Coddle. With roots as a working-class Dublin dish, the name coddle comes from the slow simmering or ‘coddling’ of ingredients in a one-pot stew. The leftovers at the end of the week would be slowly stewed in the oven for hours, with slices of pork sausage packed in alongside bacon rashers or leftover boiled bacon and sliced potatoes and onions.
Here are Some Twists on Irish Appetizers and Irish Snacks
Bacon Cheddar Beer Bread. Beer bread is great and all but this one stuffed with bacon, cheddar, jalapeños, and cream cheese is really something extra special.
Loaded Fried Mashed Potatoes. You’ve never actually had great mashed potatoes until you’ve tried them fried.
Twice Baked Potatoes. Twice baked potatoes are basically a way to eat mashed potatoes in a cute little potato boat, and we’re here for it.
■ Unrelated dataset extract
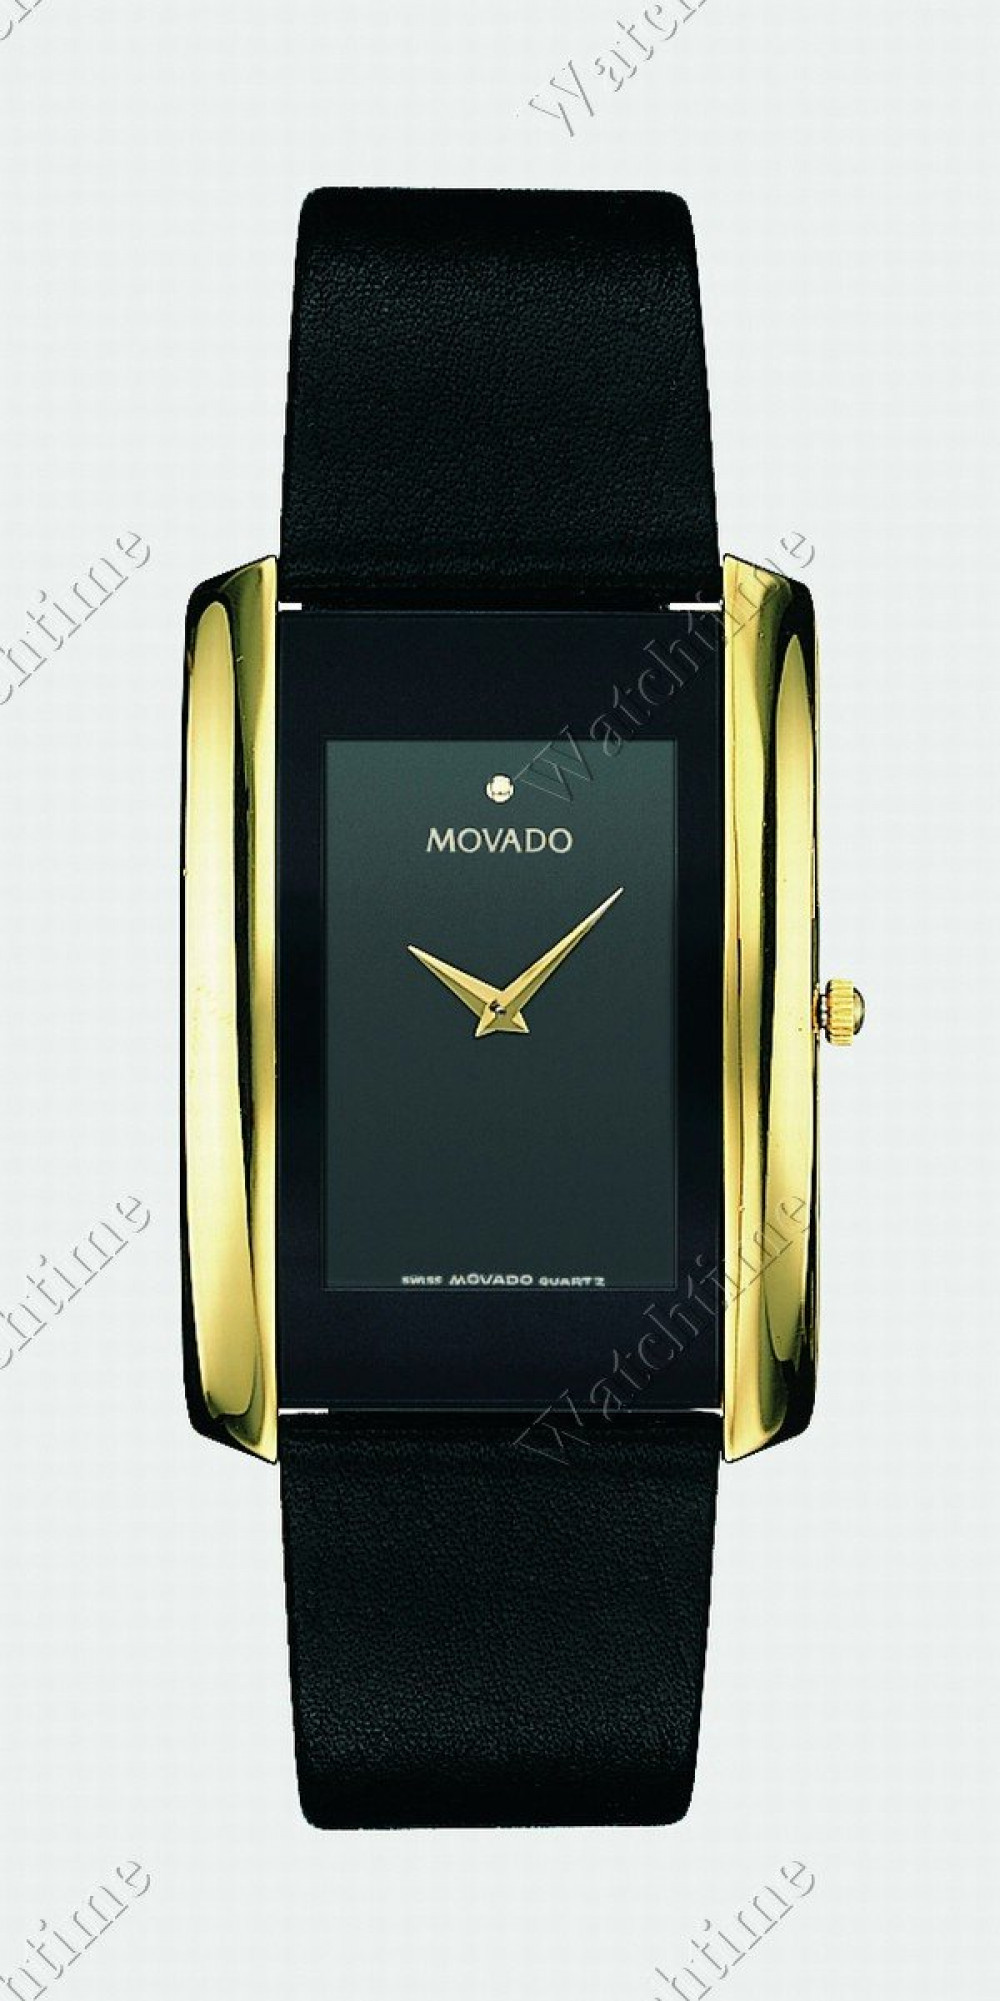 Zegarek firmy Movado, model La Nouvelle

Cheesy Cabbage Gratin. If you’re looking for a hearty veggie side, you’re in the right place.
Whole Roasted Cabbage. This roasted cabbage is the way to go! It’s savory, sweet, and salty on the outside and super tender on the inside.
Cheesy Bacon Butternut Squash. No matter what the centerpiece of your meal is, this cheesy squash skillet is sure to steal the show.
Slow-Cooker Creamed Corn. Corn and bacon should find a place on every St. Patty’s Day table.
Fried Cabbage. Game changer alert: cooking fried cabbage in bacon fat.
Best-Ever Cabbage Hash Browns. It might be hard to believe, but these cabbage hash browns really taste like they’re made with potatoes!
Irish Soda Bread. Who says Irish Soda Bread can’t be a side?
What are Some Simple Irish Dishes or Easy Irish Dinners?
Irish Beef Stew. This rich and hearty stew is stick-to-your-bones good. The beef is incredibly tender. Served with crusty bread, it’s an ideal cool-weather meal.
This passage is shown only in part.